Action item:
Your task is to copy the lines of the data below from the line holding "Paris, France - 08th" through the line holding "TD Bank Statement", inclusive, exactly and with nothing added.

*** Data supplied ***

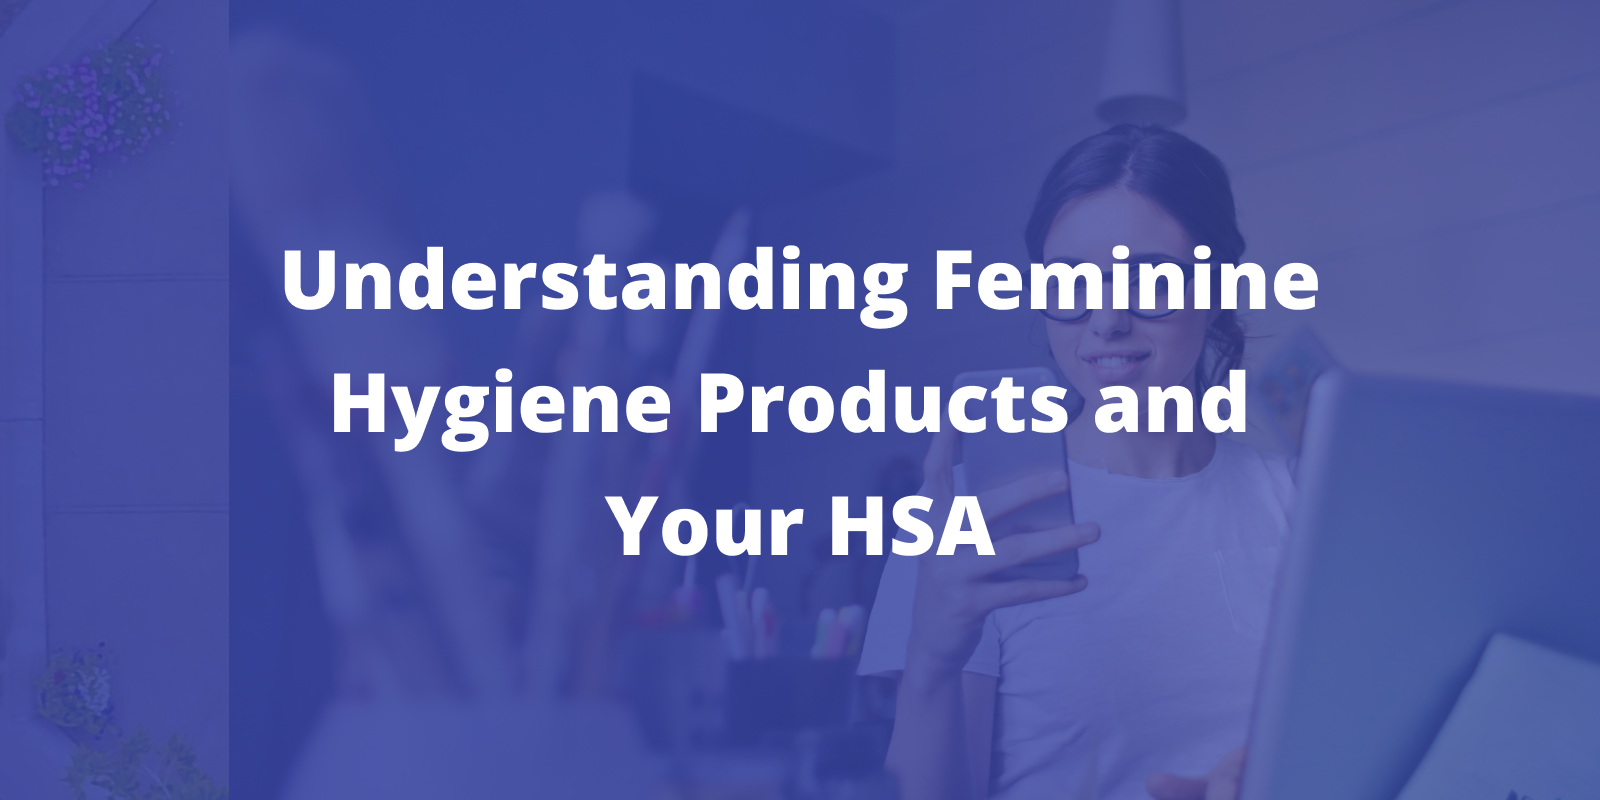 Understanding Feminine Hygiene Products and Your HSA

*** End of Data supplied ***
*** Data supplied ***

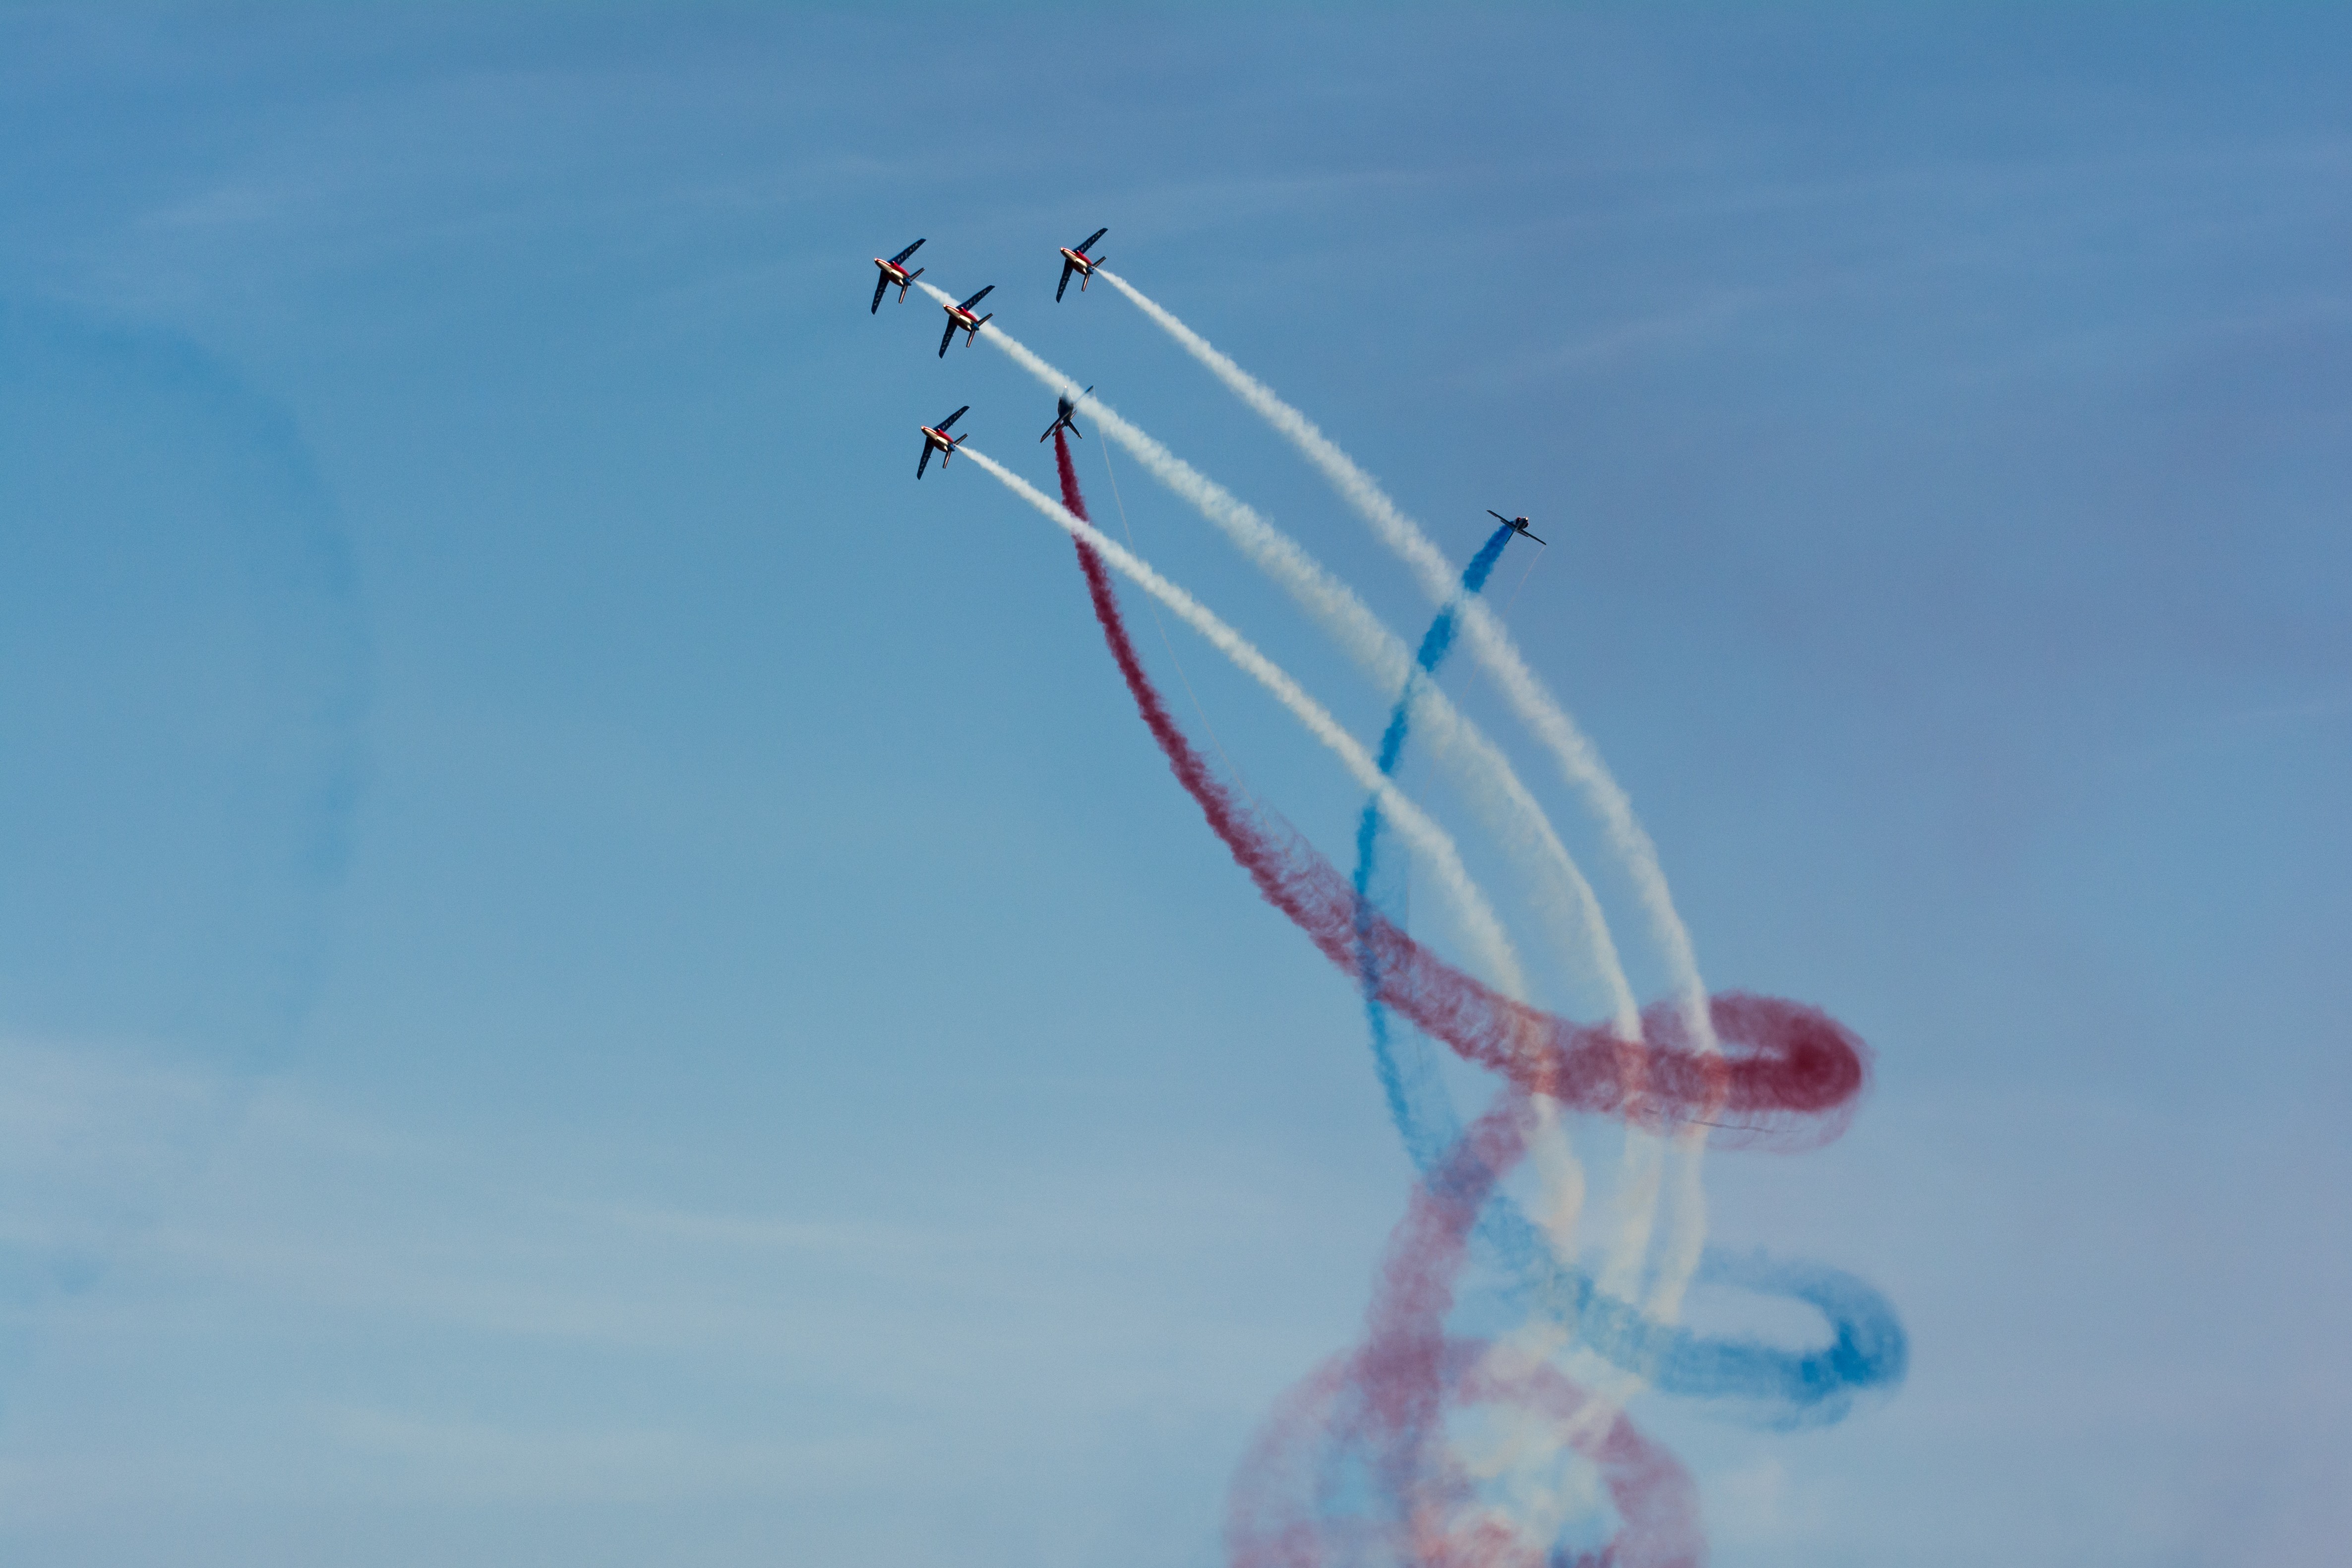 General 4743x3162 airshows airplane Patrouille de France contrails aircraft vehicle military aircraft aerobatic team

*** End of Data supplied ***
*** Data supplied ***

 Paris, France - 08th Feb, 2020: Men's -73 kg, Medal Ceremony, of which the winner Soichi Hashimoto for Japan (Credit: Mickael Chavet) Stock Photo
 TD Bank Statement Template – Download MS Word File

*** End of Data supplied ***

Answer area:
 Paris, France - 08th Feb, 2020: Men's -73 kg, Medal Ceremony, of which the winner Soichi Hashimoto for Japan (Credit: Mickael Chavet) Stock Photo
 TD Bank Statement Template – Download MS Word File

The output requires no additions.